1Berkshire CEO on Berkshire Blueprint 2.0: 'We think it's time for a new narrative'
PITTSFIELD — Sort the local economy into clusters, and pursue action plans specific to each group.
That is the central approach of an ambitious strategy designed to guide the Berkshire economy over the next decade.
During a presentation Friday at the Colonial Theatre, economic leaders released their Berkshire Blueprint 2.0, an 80-page, self-described "action plan" that outlines the current state of the local economy and provides recommendations for moving it forward. The release of the plan was the culmination of two years' worth of work.
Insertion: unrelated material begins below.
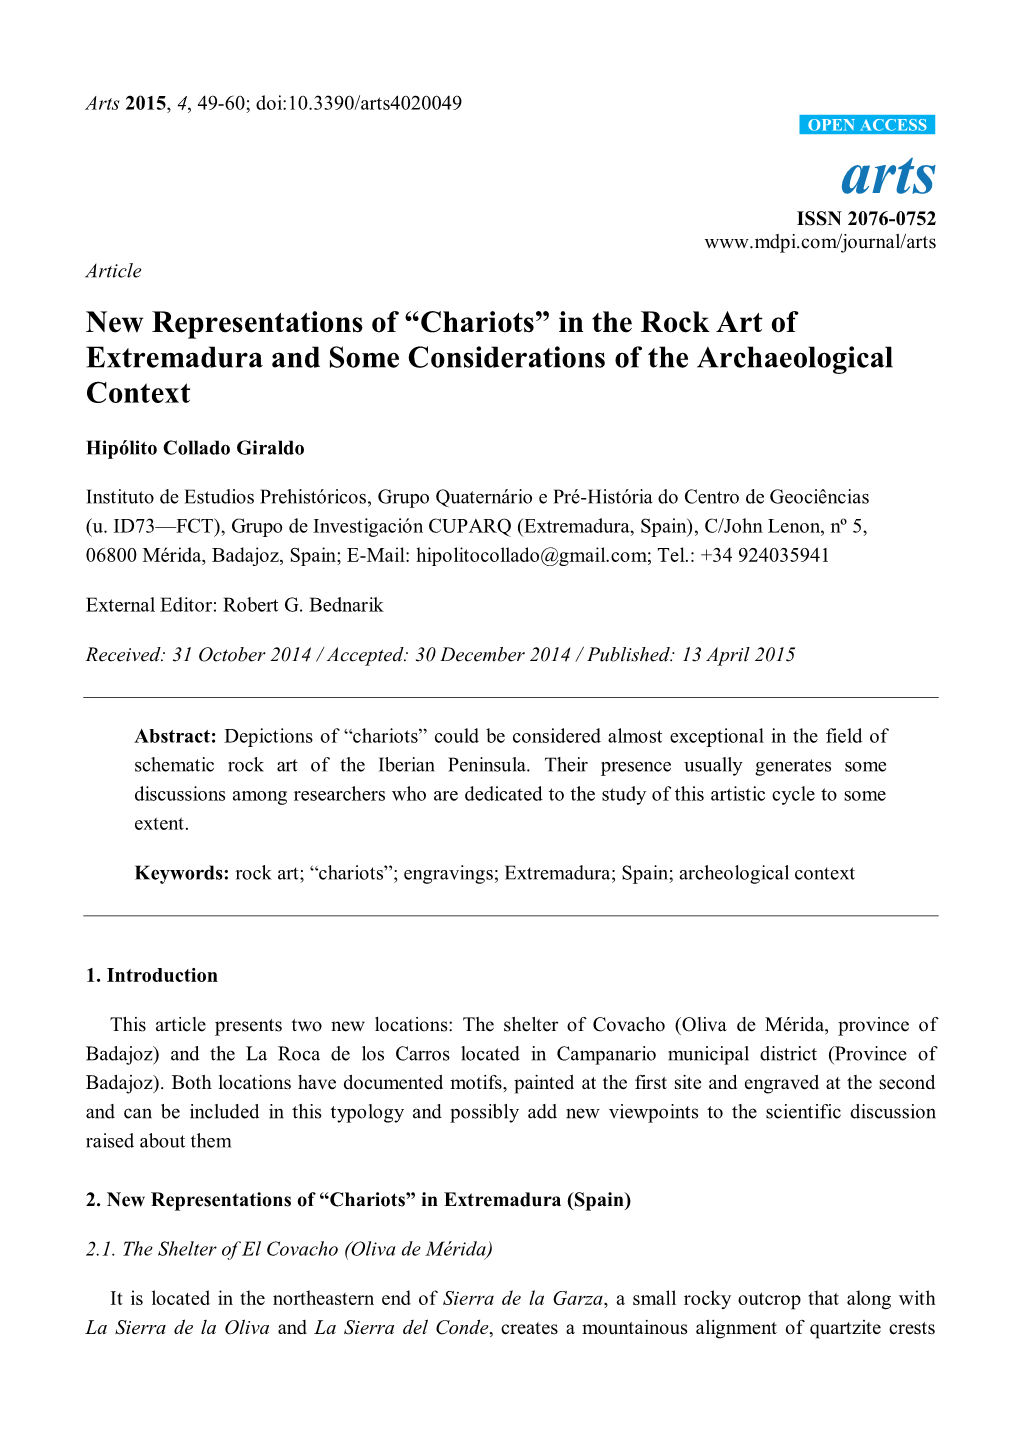 Chariots” in the Rock Art of Extremadura and Some Considerations of the Archaeological Context

Berkshire Blueprint 2.0 is the successor to the original Berkshire Blueprint, which was released in 2007. The report's development was overseen by 1Berkshire, the county's state-designated economic development agency.
"We think it's time for a new narrative," said Jonathan Butler, President and CEO of 1Berkshire.
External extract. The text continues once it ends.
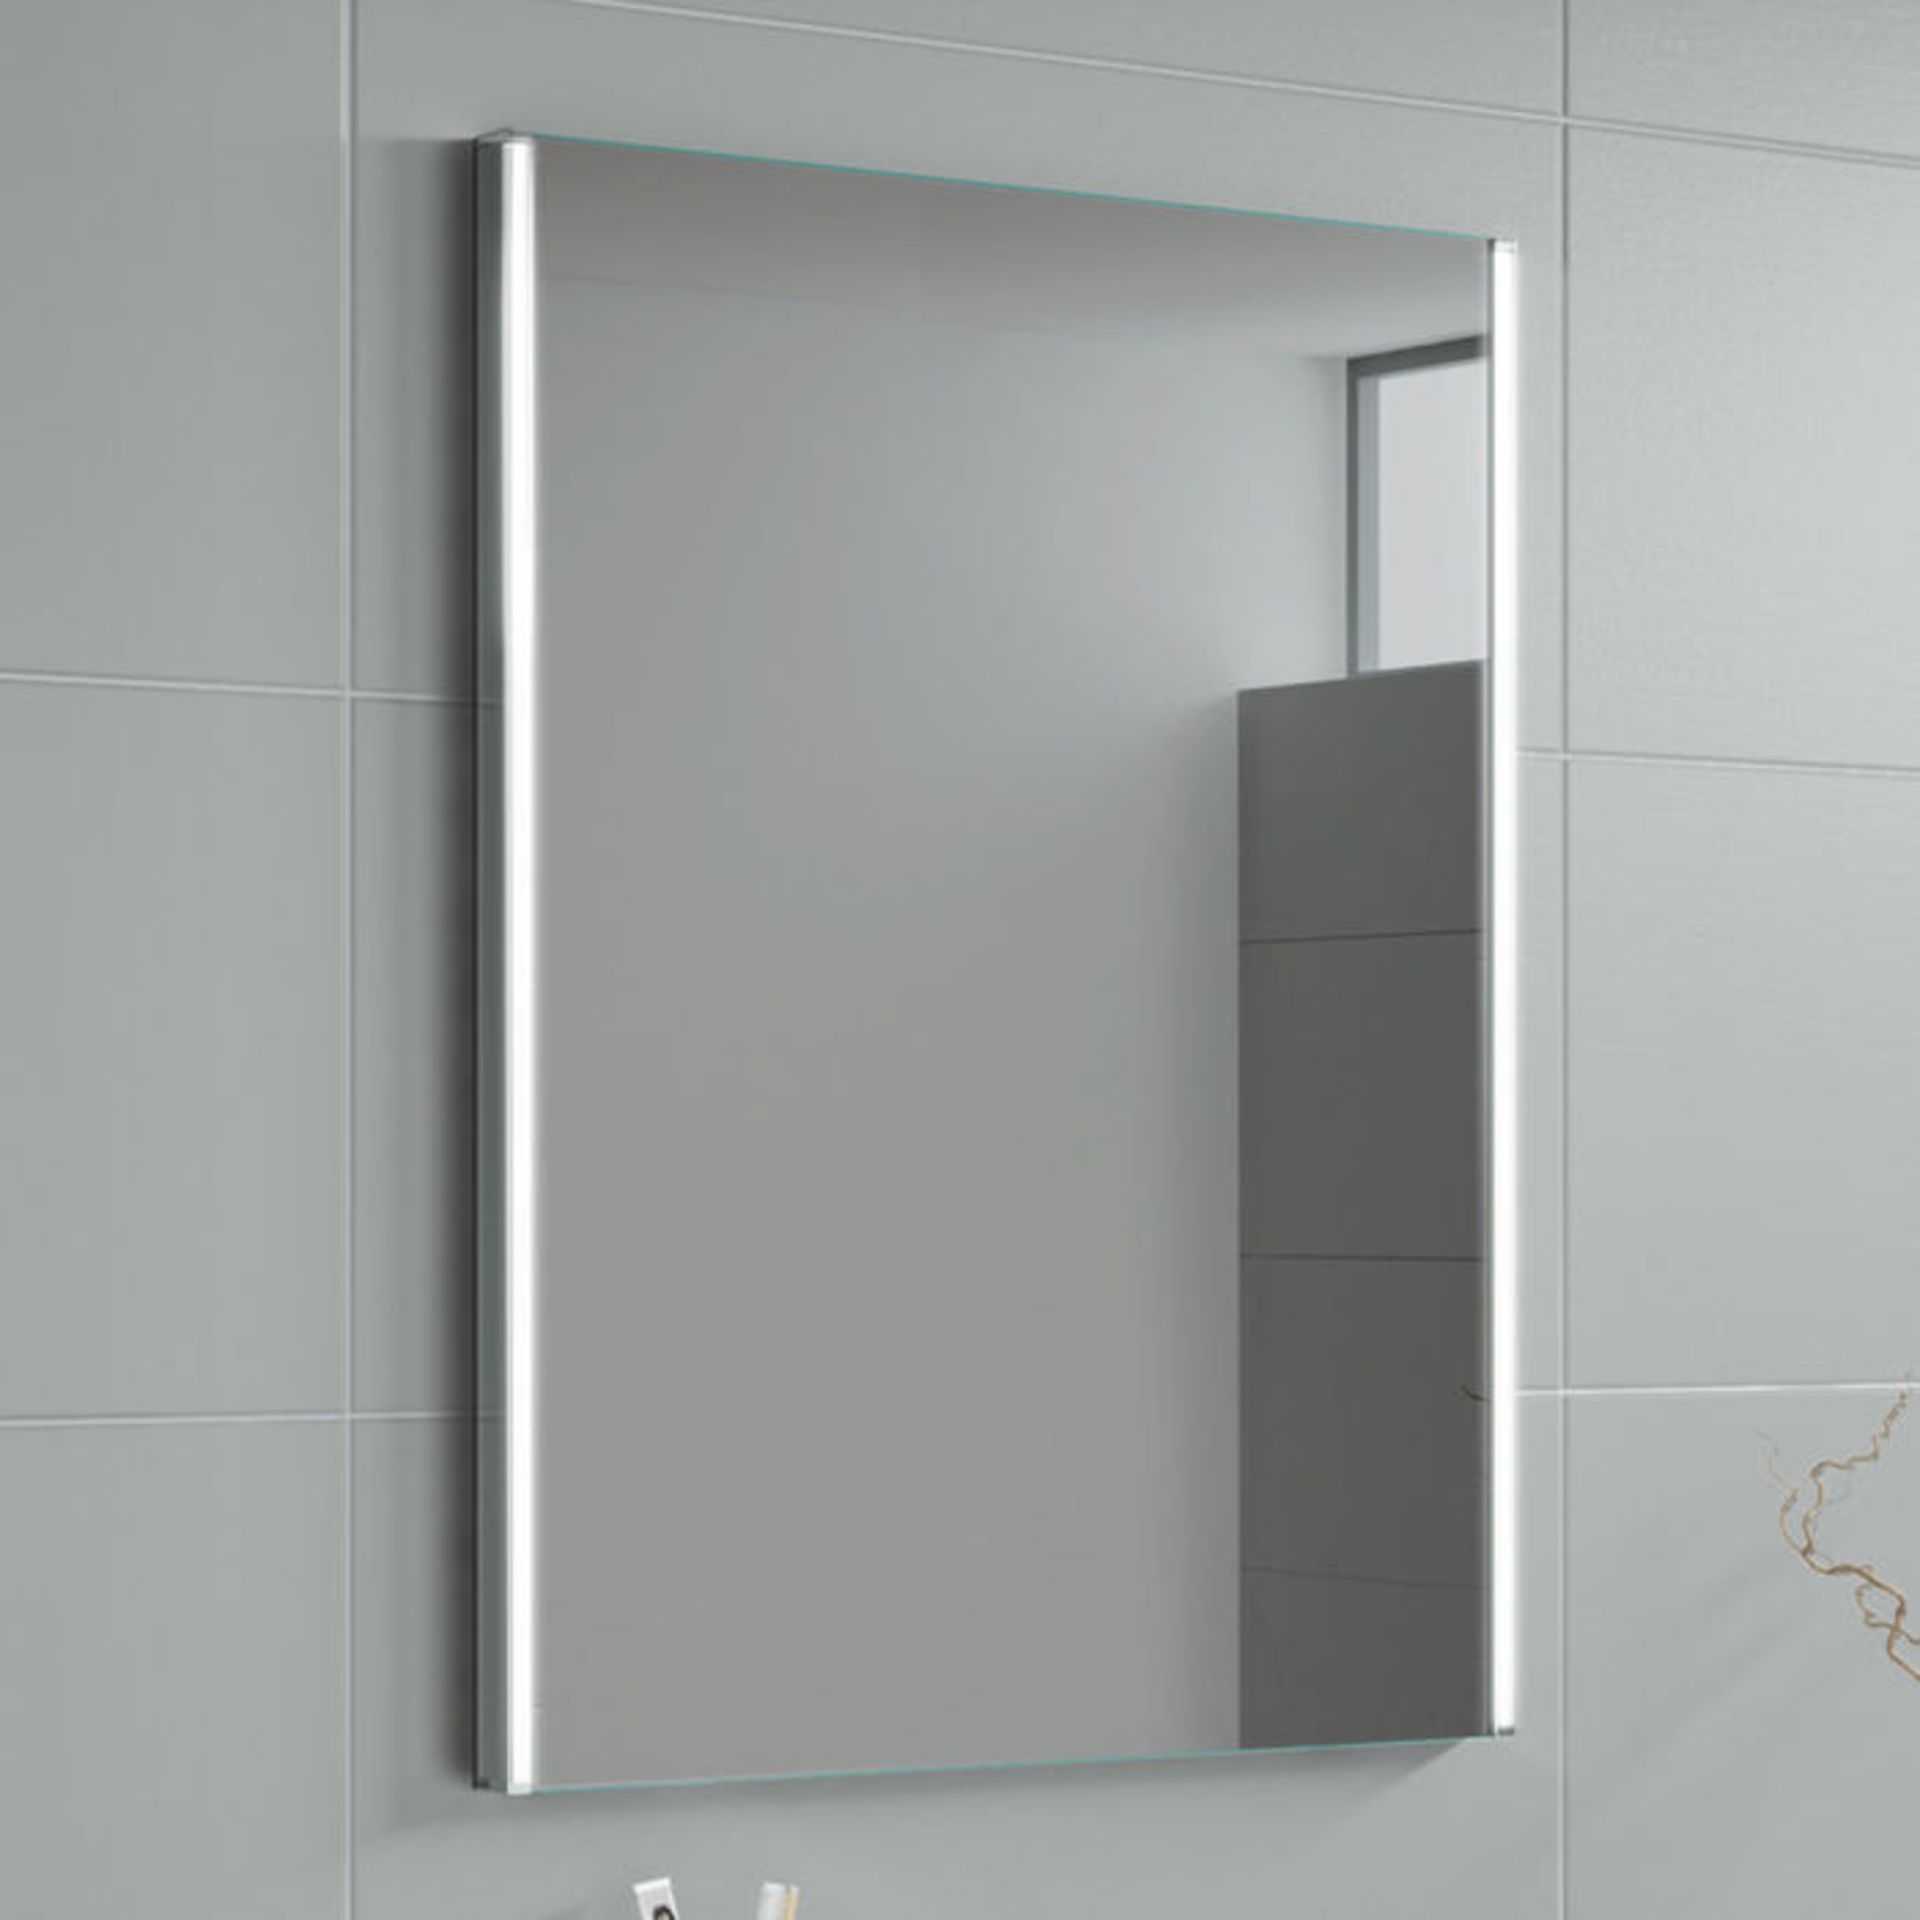 (HS121) 500x700mm Denver Illuminated LED Mirror - Battery Operated. Energy saving controlled On / - Image 3 of 3

The report breaks down the Berkshire economy into five groups, or "clusters": advanced manufacturing, the creative economy, food and agriculture, health care, and hospitality and tourism.
During Friday's presentation, Butler and Benjamin Lamb, 1Berkshire's economic development director, discussed challenges and assets facing each of those clusters, and a series of "action steps" specific to each group that can be used as starting points for growth.
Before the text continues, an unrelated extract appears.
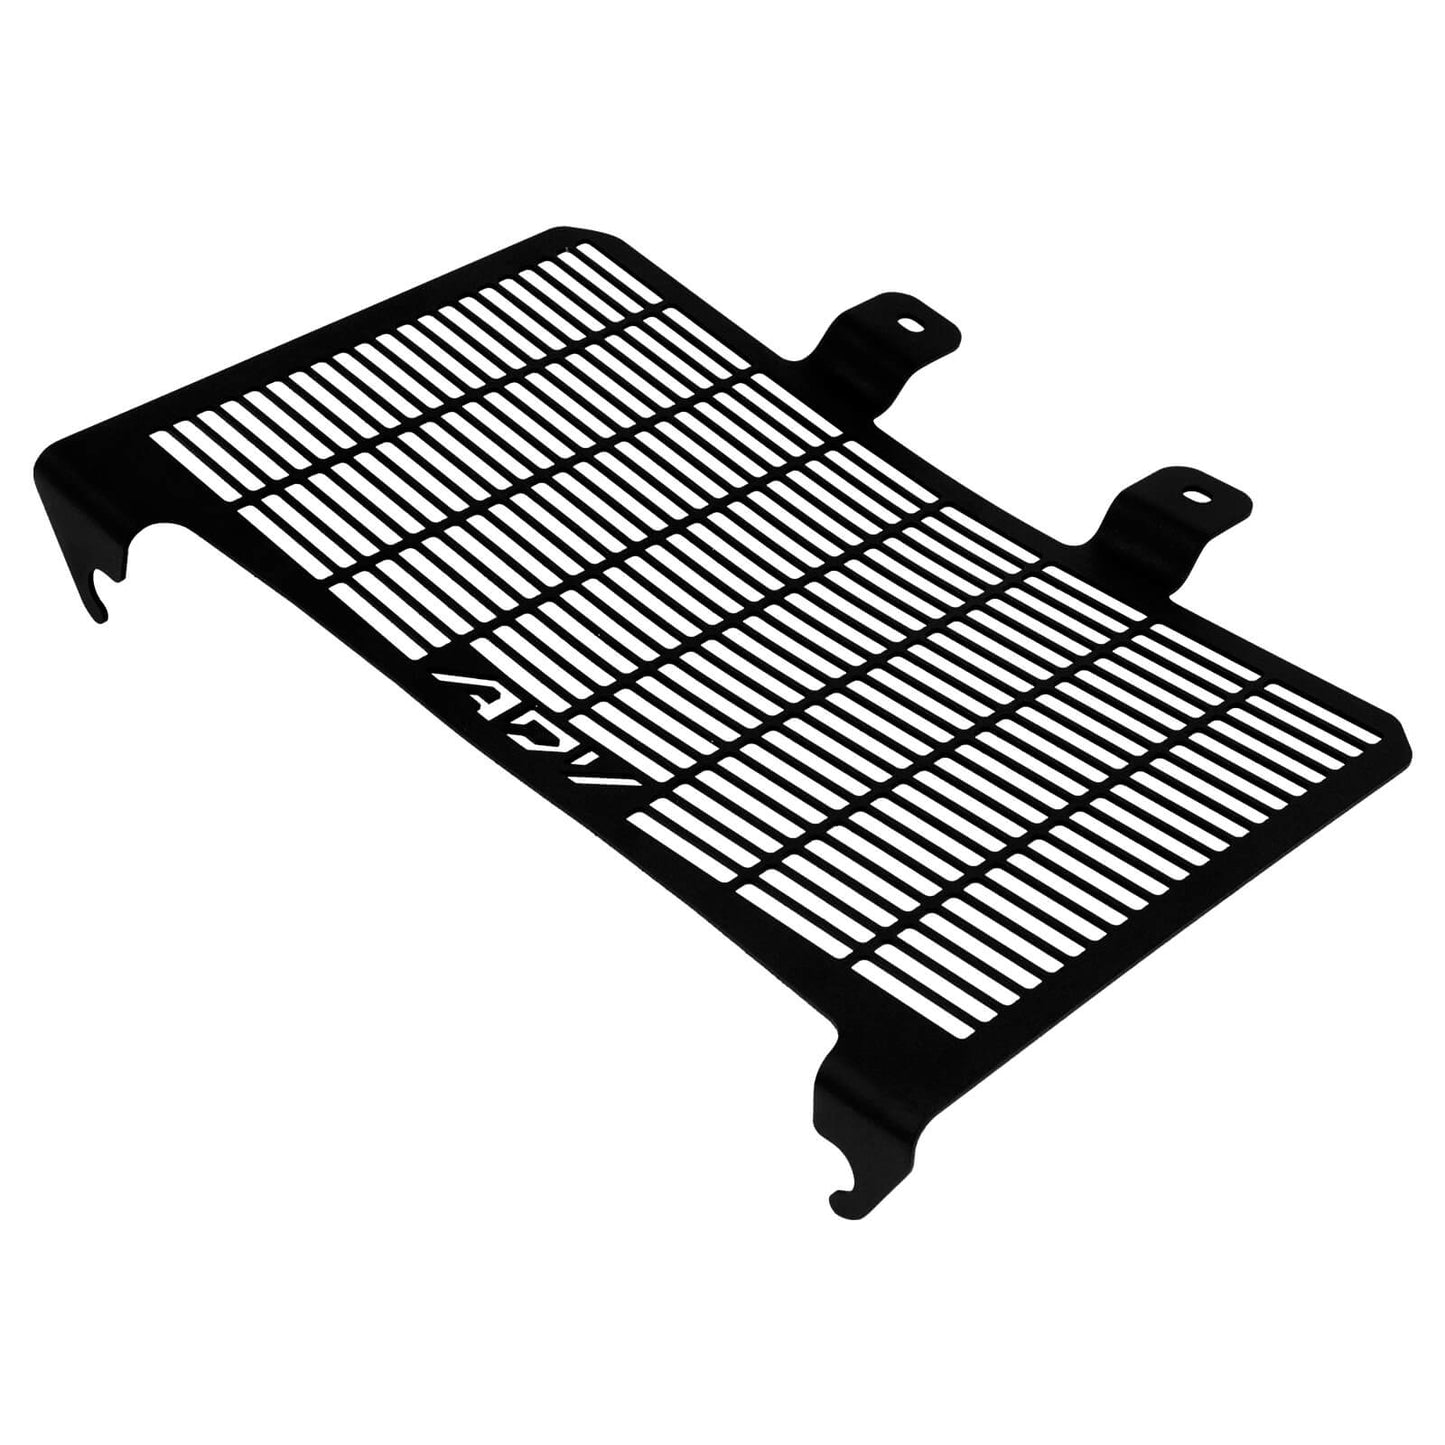 TH029301-mactions-shield-radiator-guard-grille-cover-for-Pan-America

Use of the cluster model allows Berkshire Blueprint 2.0 to have a "central yet collaborative" structural support that provides significant attention to key growth areas of the Berkshire economy while also allowing "existing or future" industries to receive the attention they deserve, the report states.
The broad action steps relevant to all five economic clusters include the creation of a unified and effective leadership team; adopting a clear set of strategies directed at strengthening each cluster; establishing a set of defined roles and responsibilities for organizations in the system; and the initiation of a "culture of systems" performance standard.
Butler referred to the five clusters as " a new system for economic development in the Berkshires."
"Within [the plan] is contained an approach to work with our five economic development clusters and the potential to add more. Beyond that, we're also venturing into themes that affect all industries in the Berkshires, public, private and nonprofit.
"We've created a system," he said. "This isn't just about a report that goes on a shelf. This is a new way to collaboratively approach economic challenges in the Berkshires."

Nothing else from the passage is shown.